_Recorded data_

------------------------------------------------------------------------

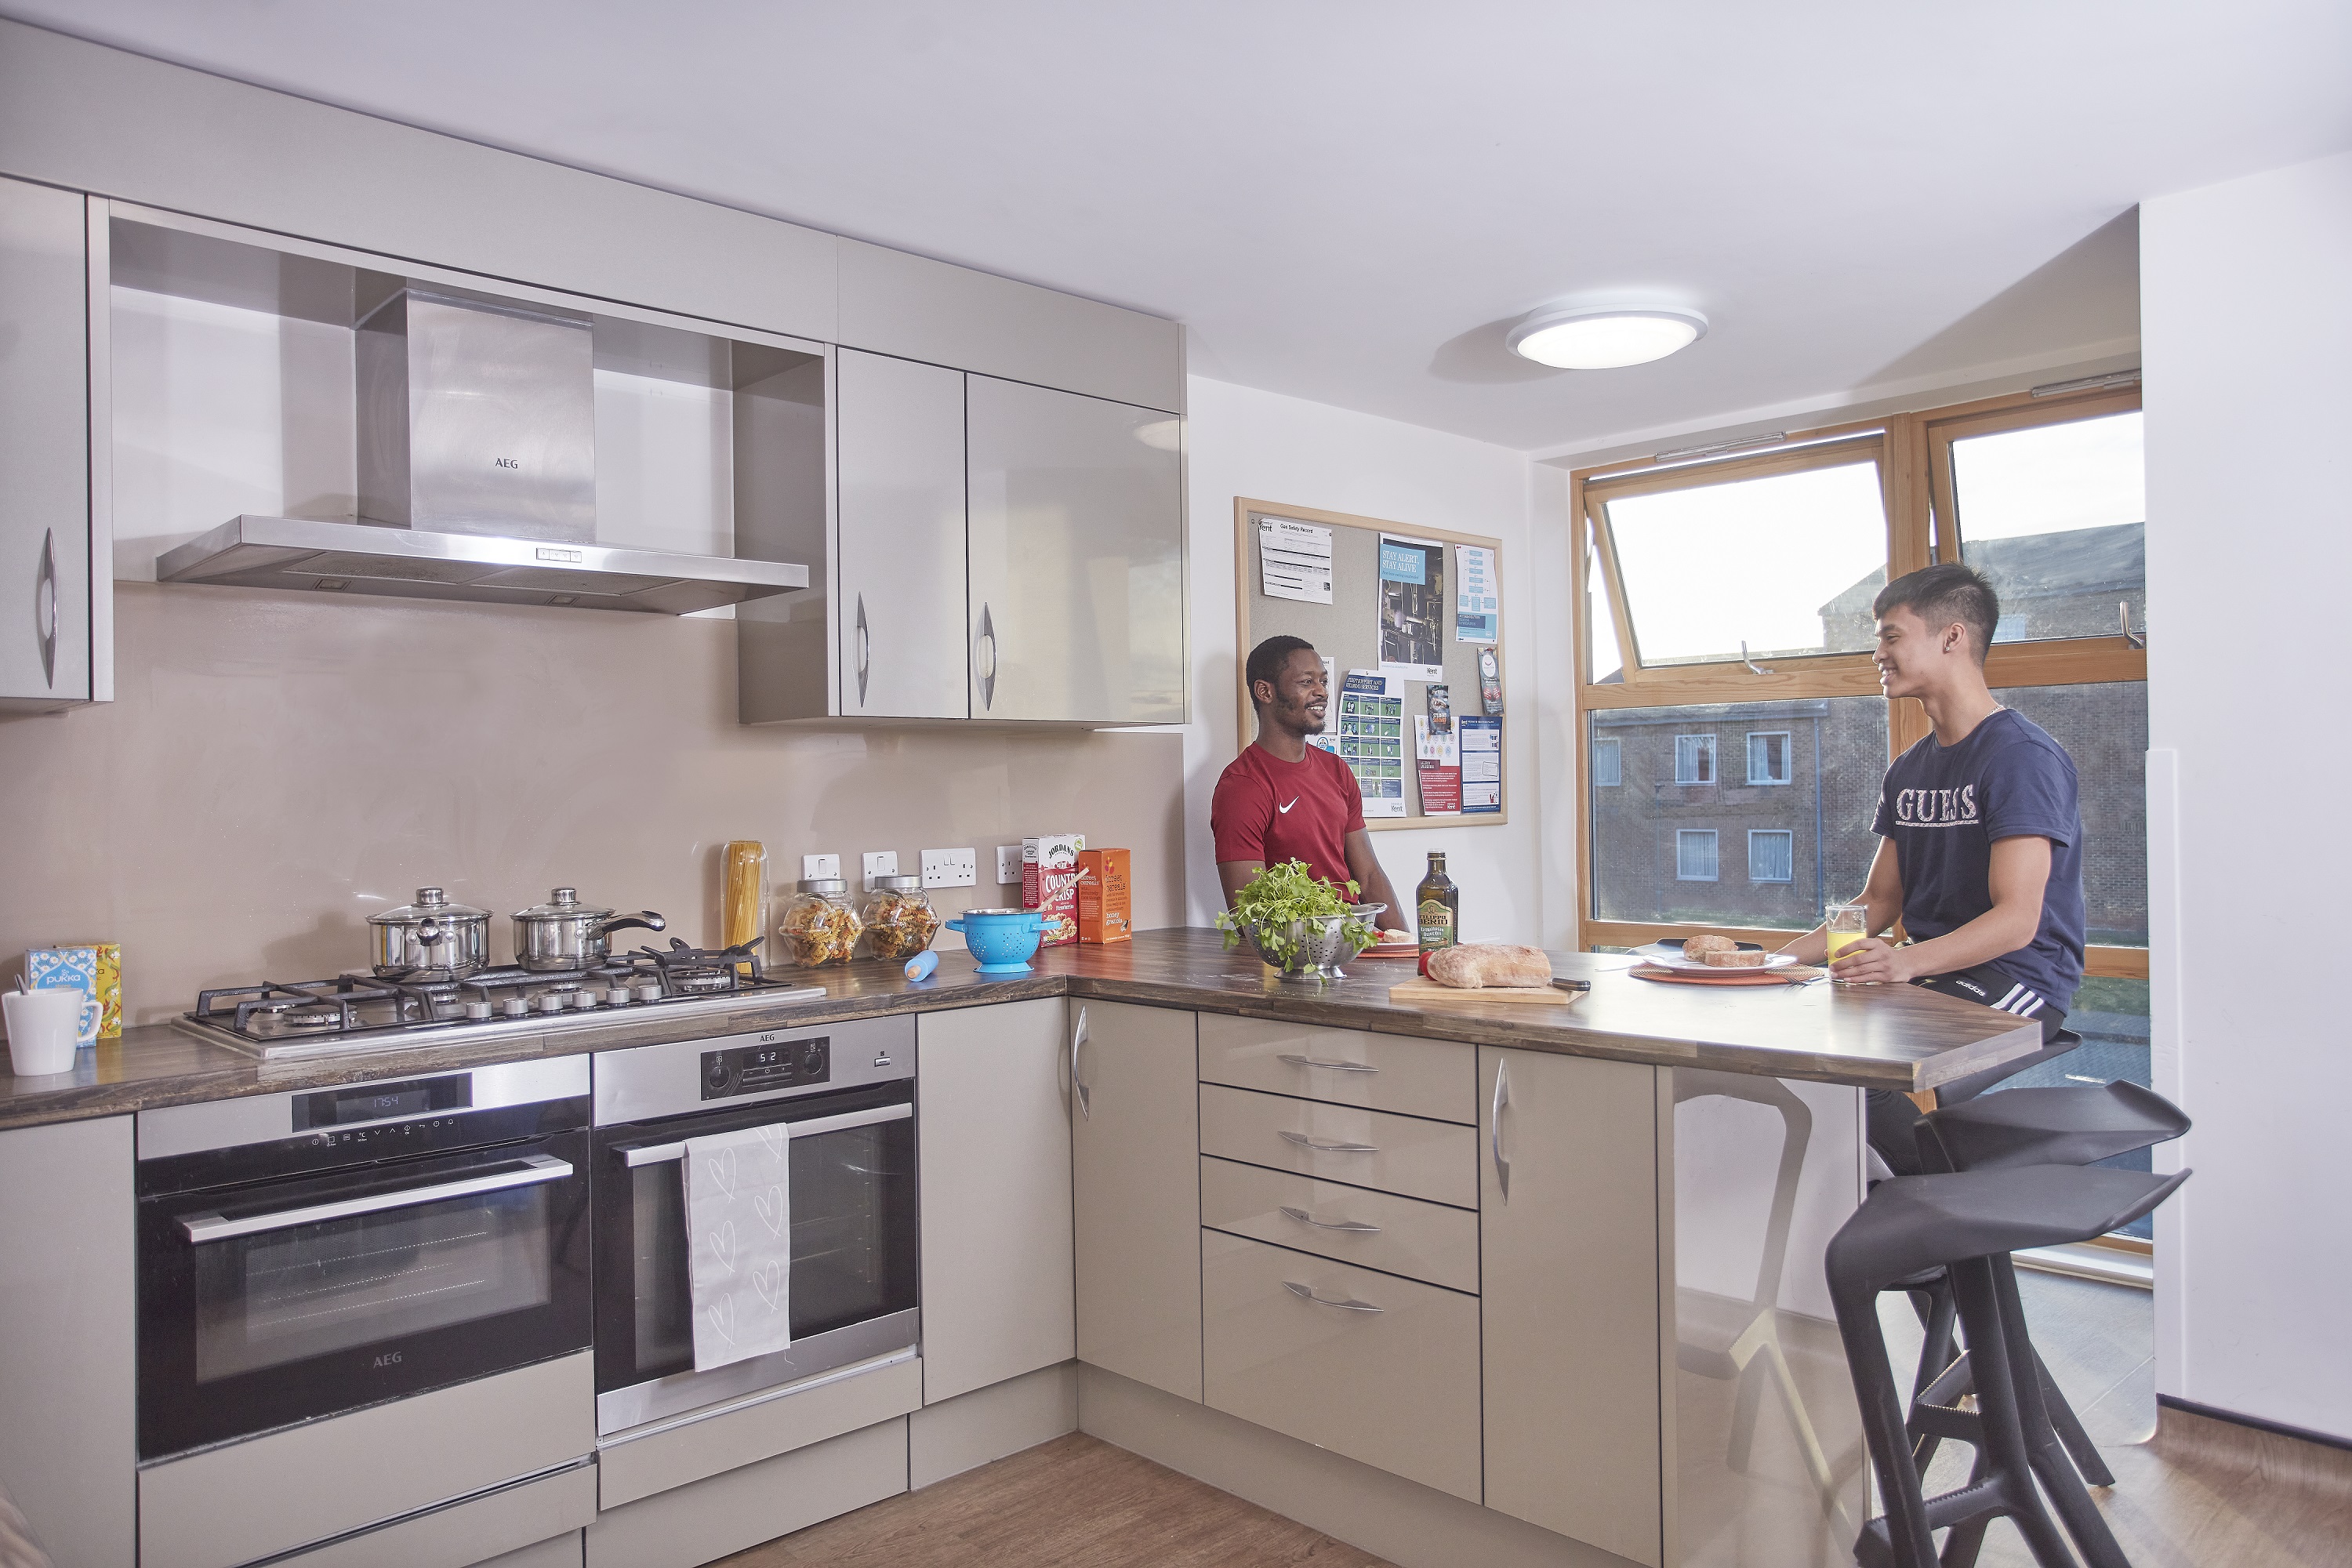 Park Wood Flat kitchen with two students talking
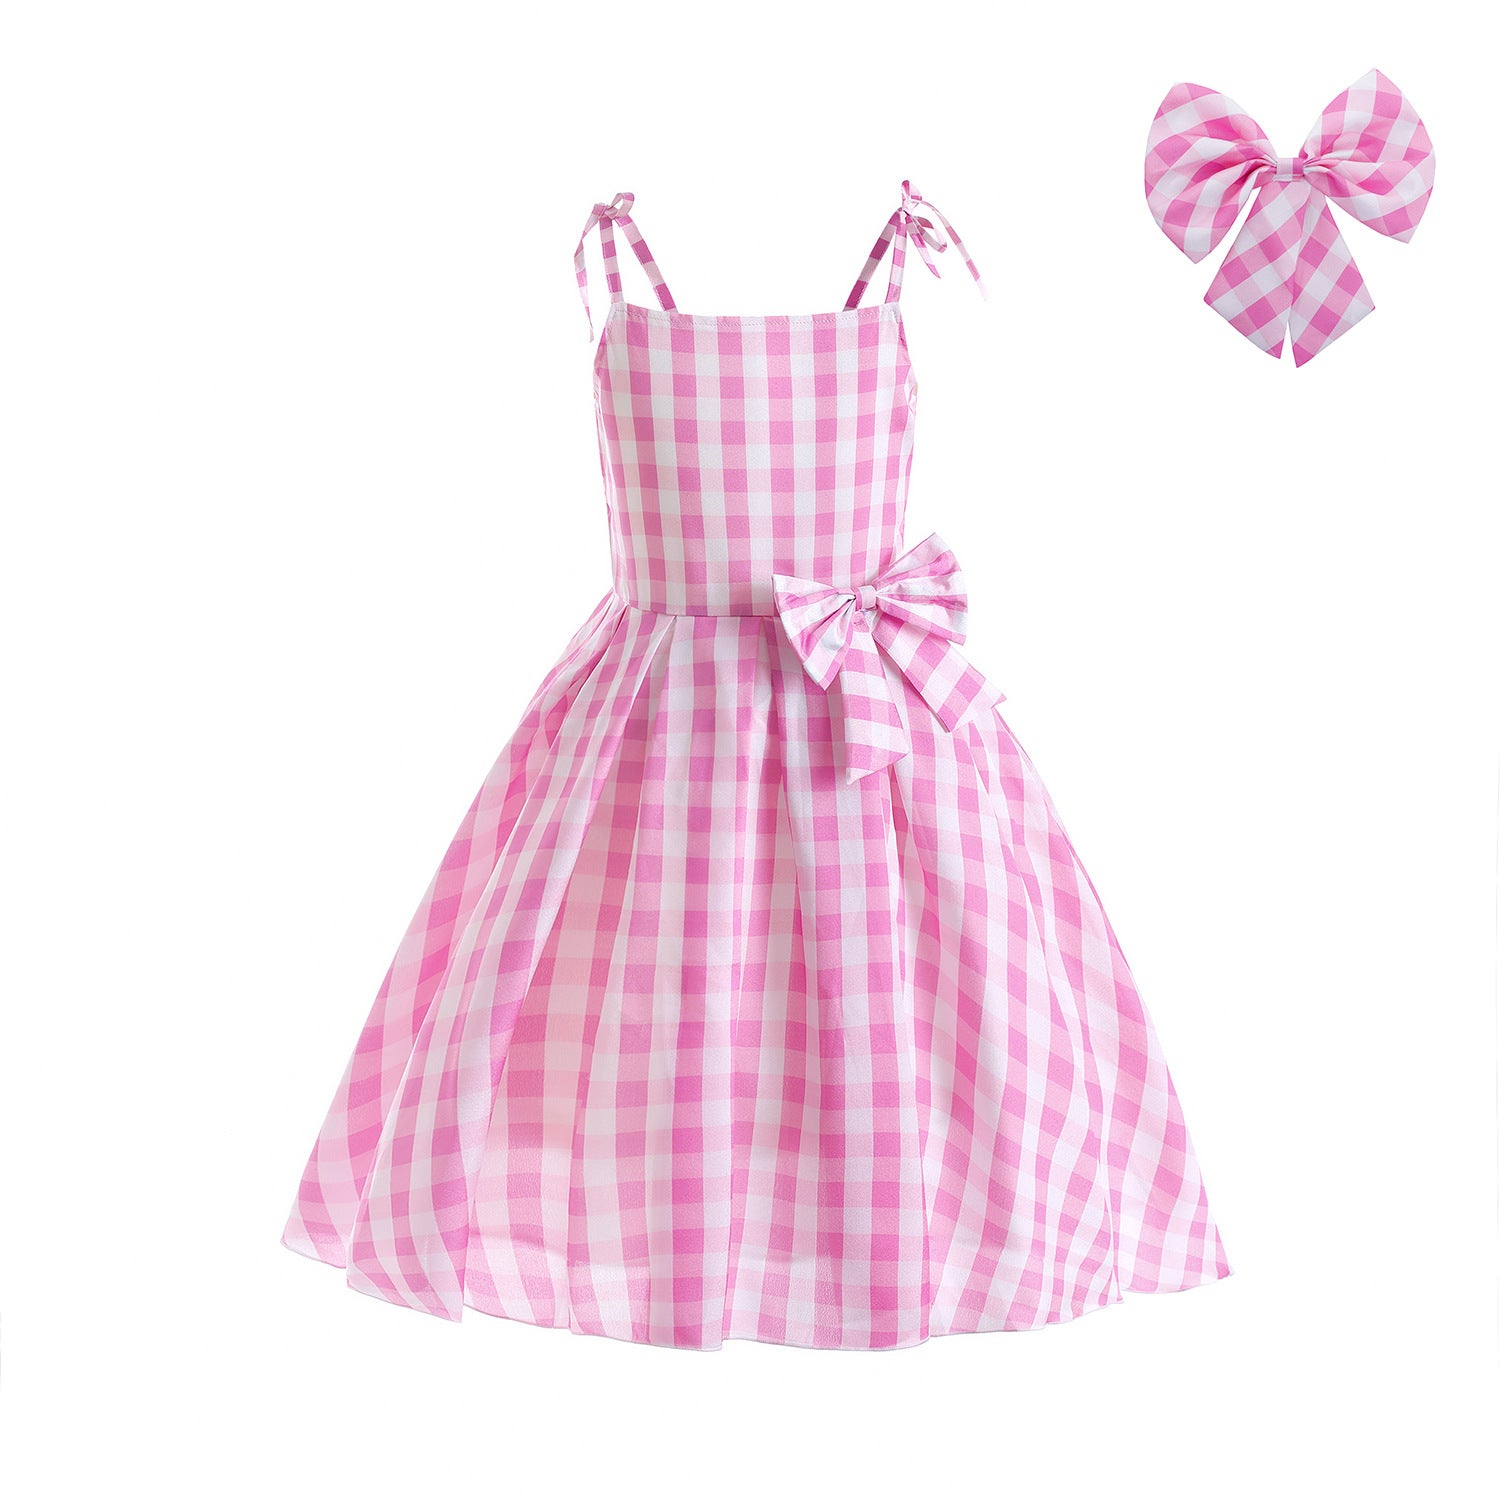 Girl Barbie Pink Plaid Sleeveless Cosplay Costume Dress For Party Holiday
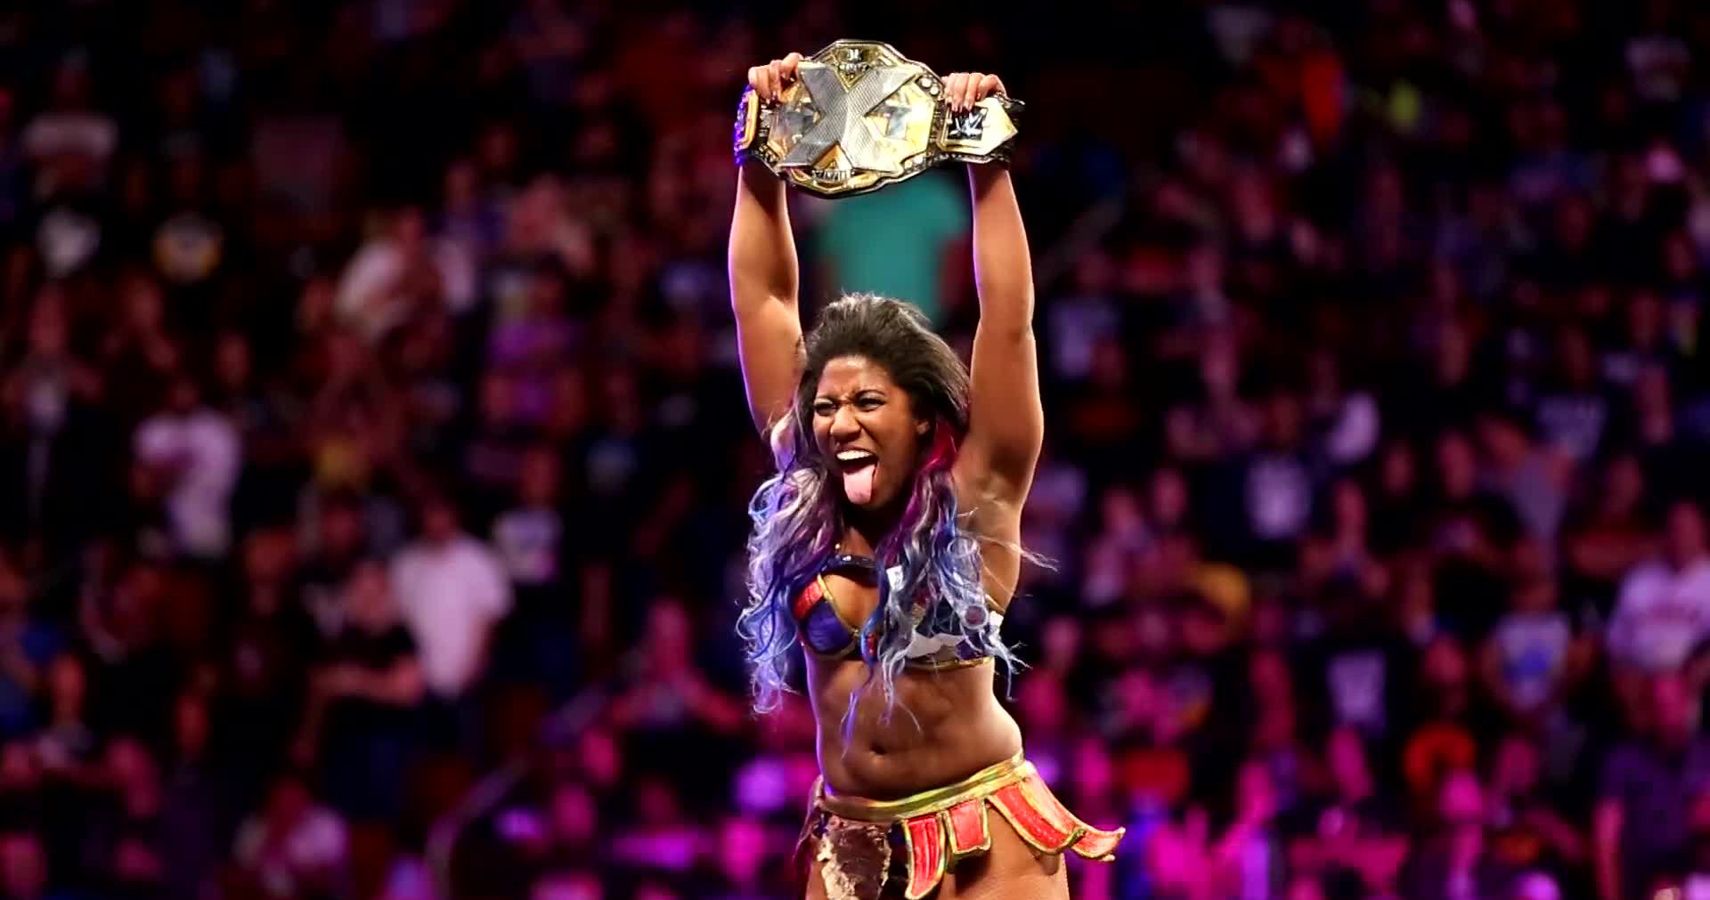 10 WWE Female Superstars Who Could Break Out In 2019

------------------------------------------------------------------------

_Exercise_
Pictures are to be left out; the listing above is otherwise to be copied exactly.

_Answer to the exercise_
 Park Wood Flat kitchen with two students talking
 Girl Barbie Pink Plaid Sleeveless Cosplay Costume Dress For Party Holiday
 10 WWE Female Superstars Who Could Break Out In 2019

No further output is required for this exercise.